* Exercise instructions: In the records below, find the line with "It's a big 'Yes'" and repeat exactly every line from it through the line with "LEVO Tropical Peach". Pictures stay out.

* Records provided:
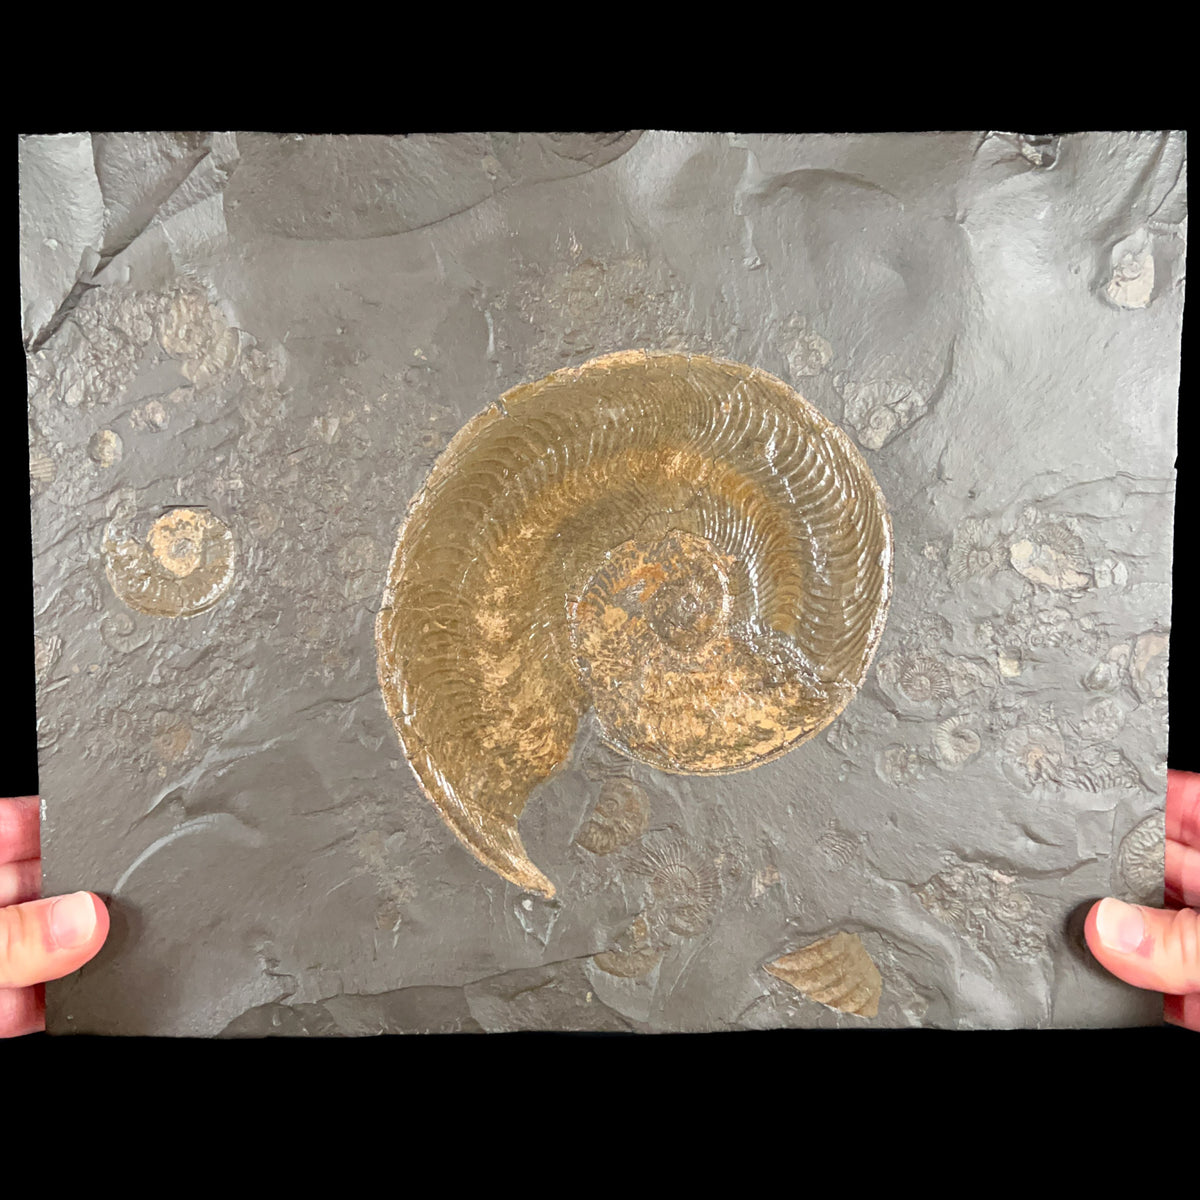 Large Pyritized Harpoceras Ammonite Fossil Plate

* * *

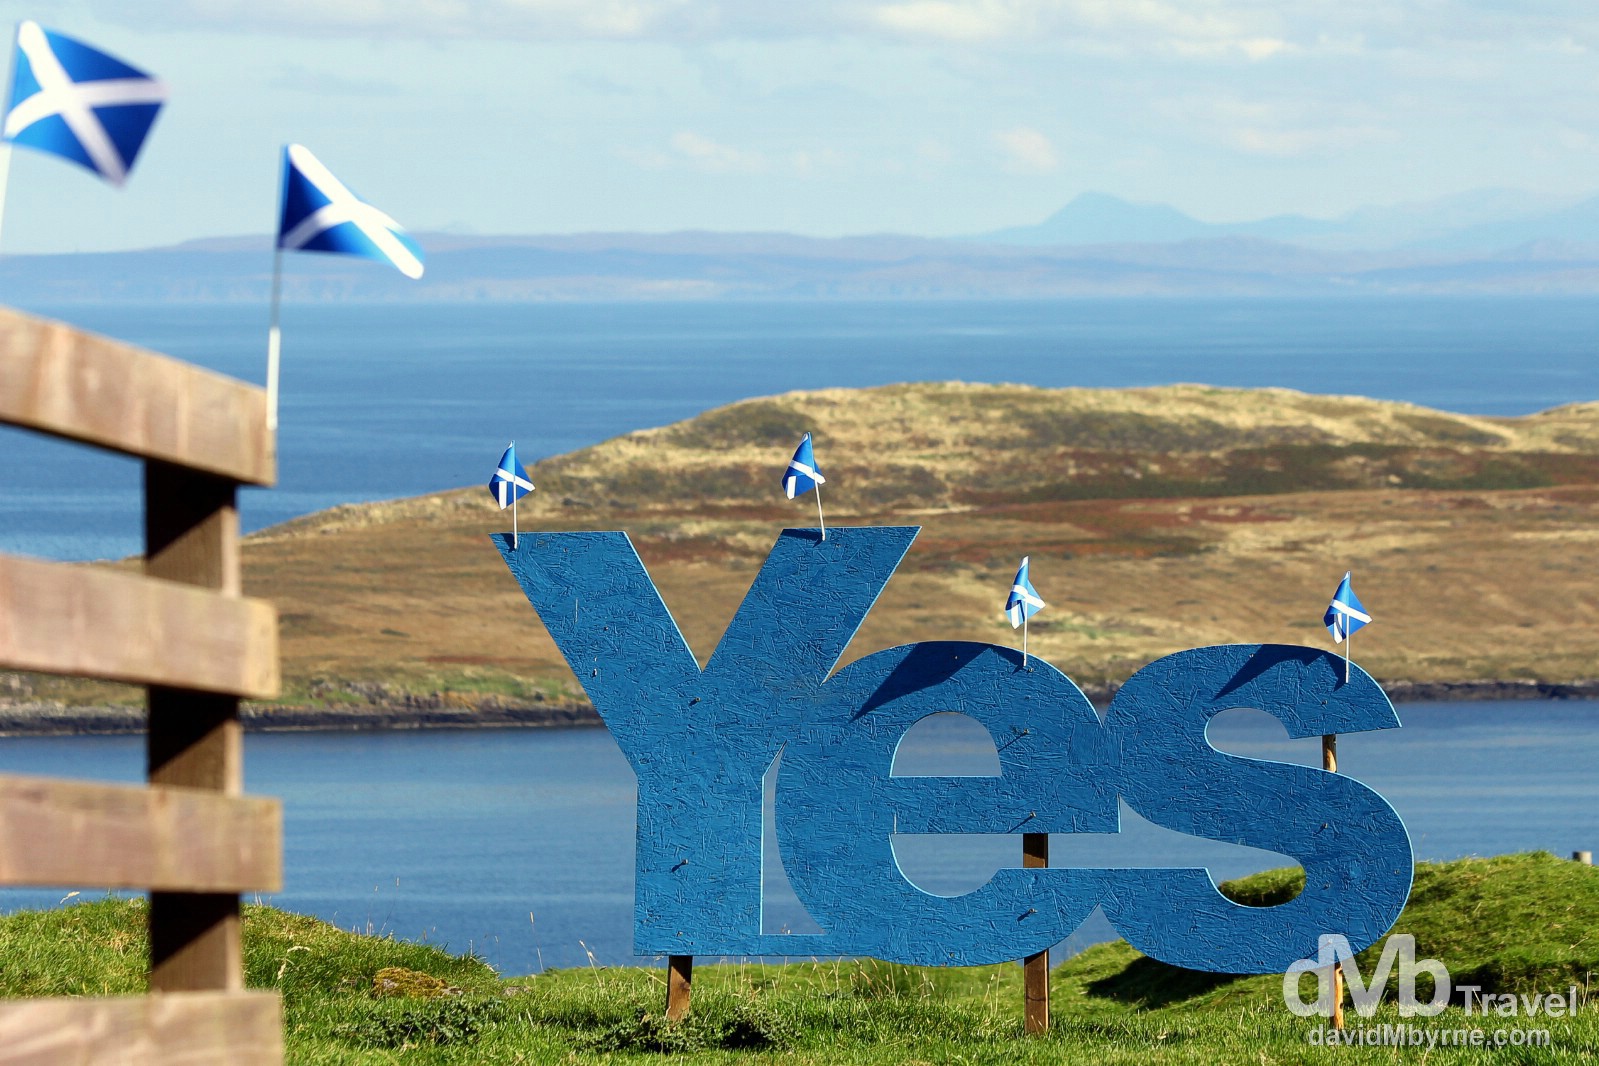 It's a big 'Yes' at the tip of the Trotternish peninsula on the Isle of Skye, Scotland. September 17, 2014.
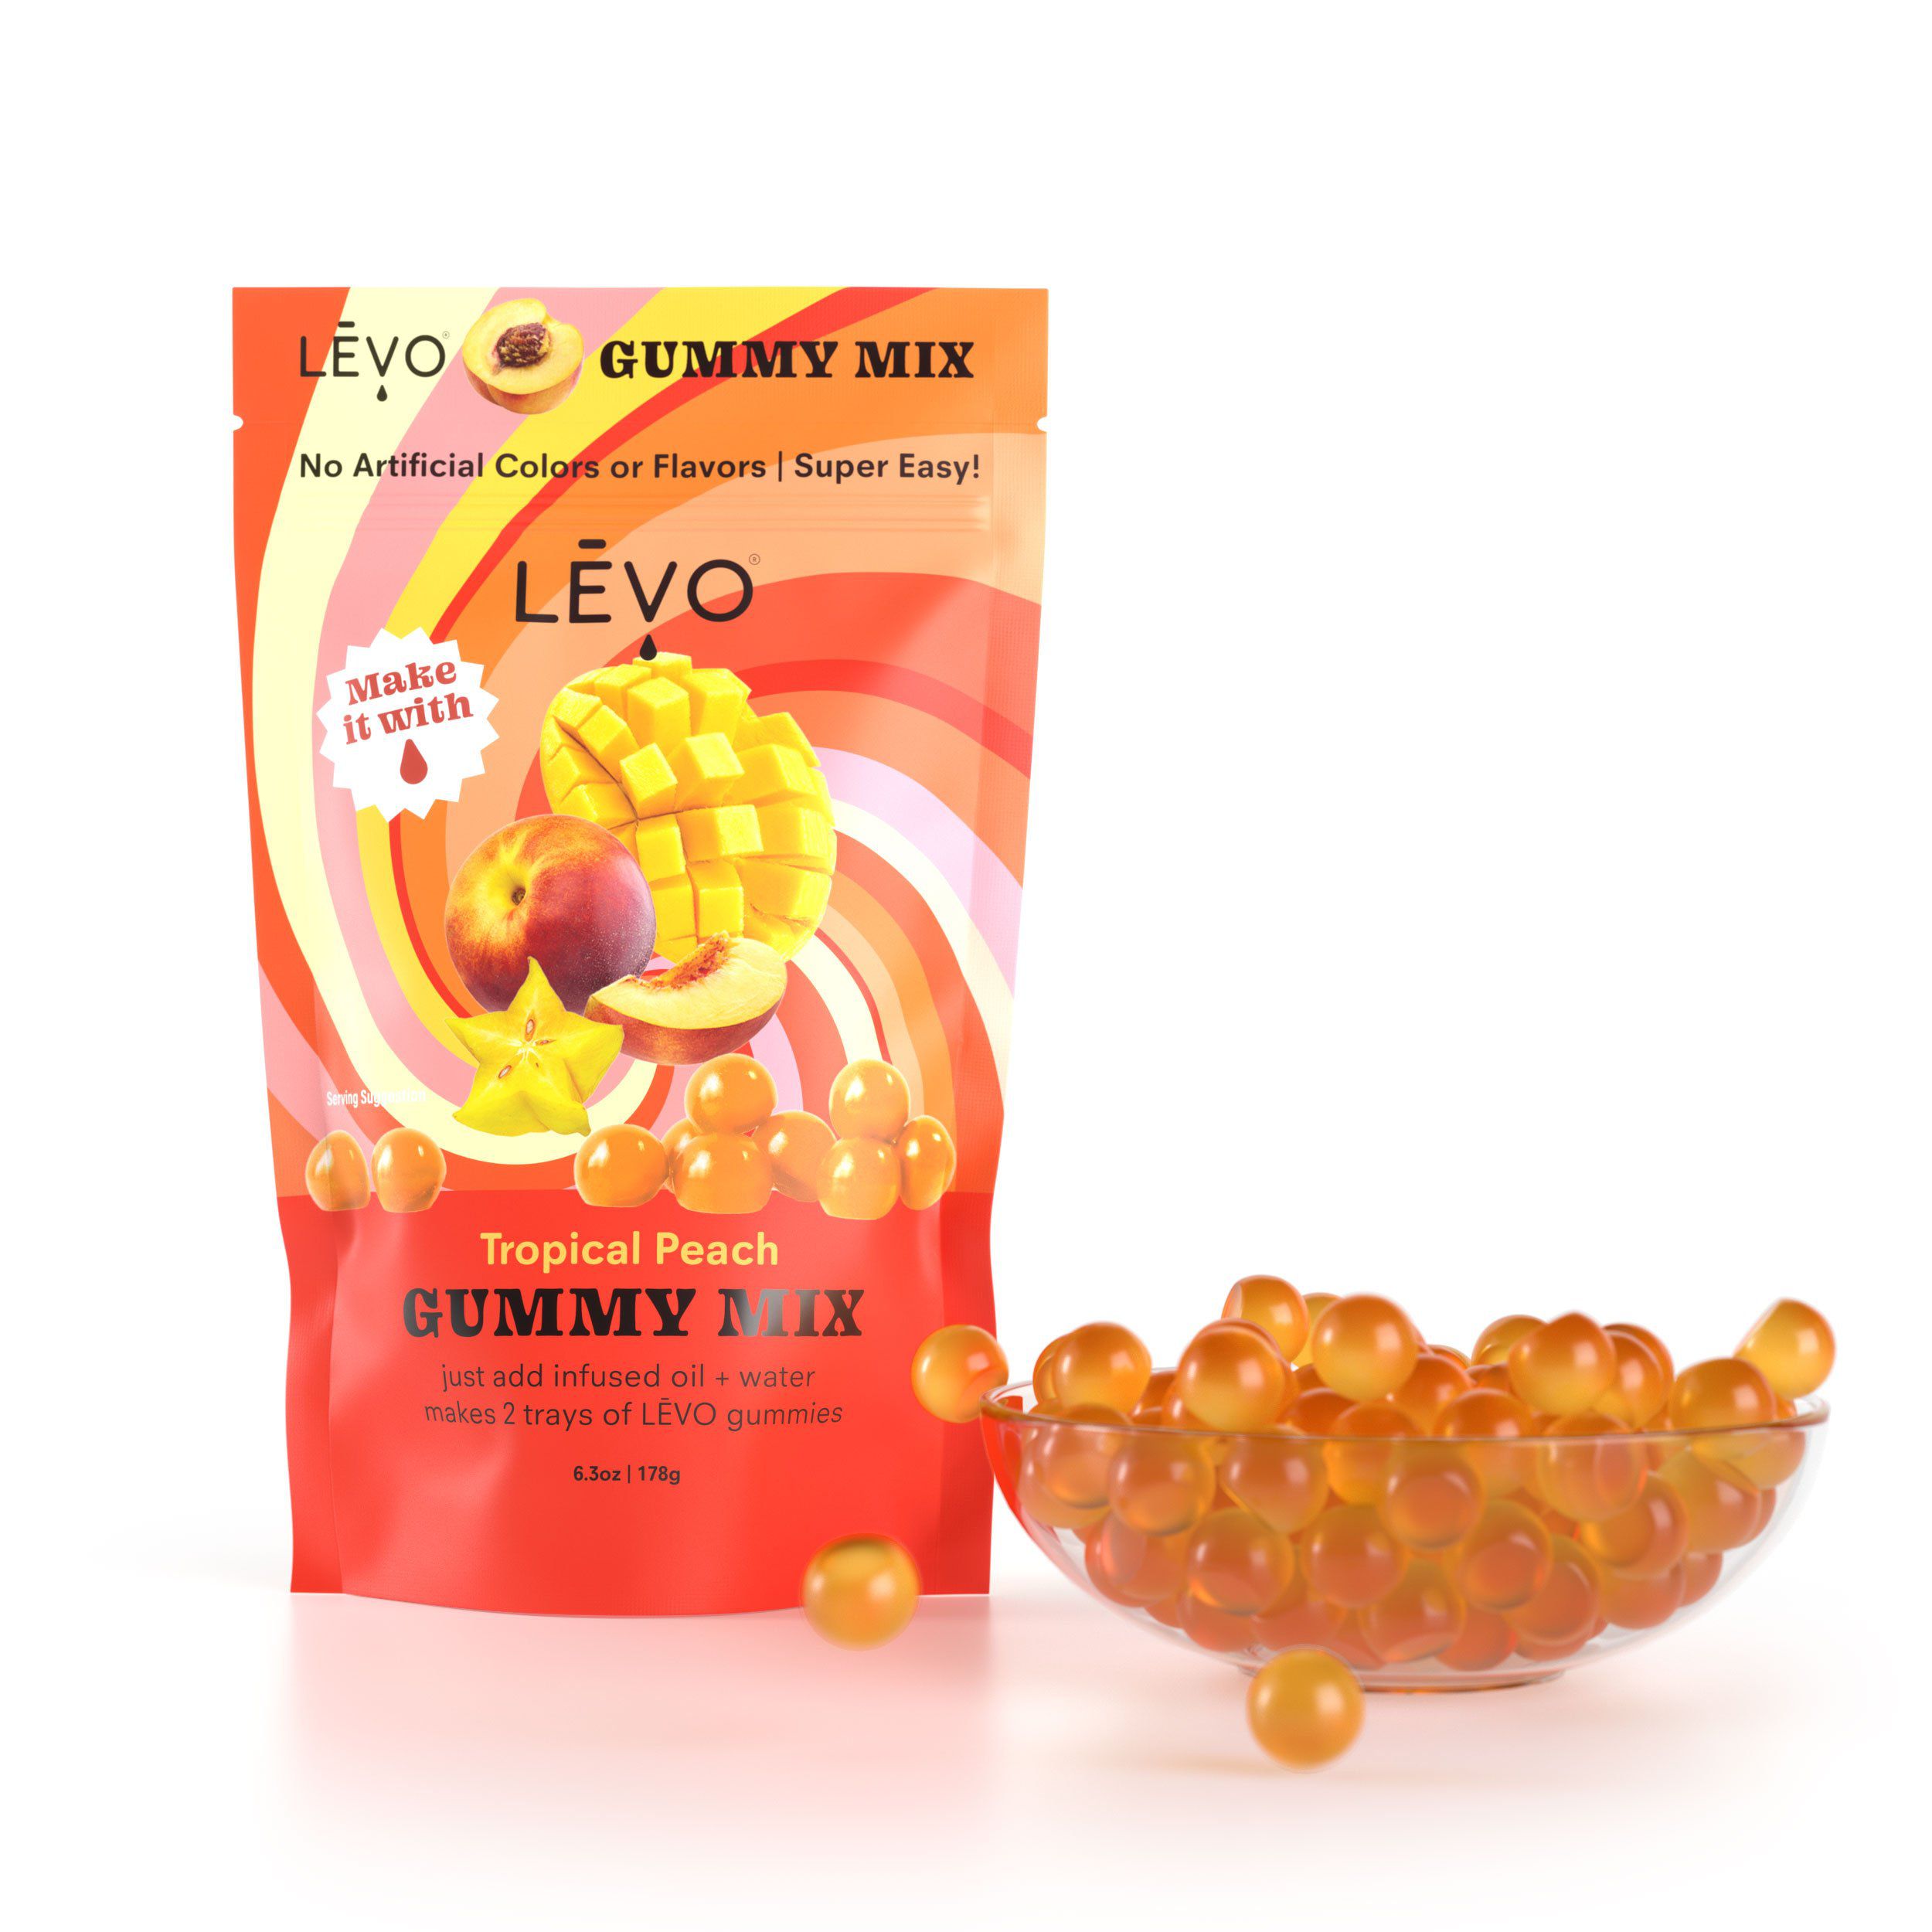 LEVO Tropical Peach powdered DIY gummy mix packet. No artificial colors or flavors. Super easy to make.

* Exercise output:
 It's a big 'Yes' at the tip of the Trotternish peninsula on the Isle of Skye, Scotland. September 17, 2014.
 LEVO Tropical Peach powdered DIY gummy mix packet. No artificial colors or flavors. Super easy to make.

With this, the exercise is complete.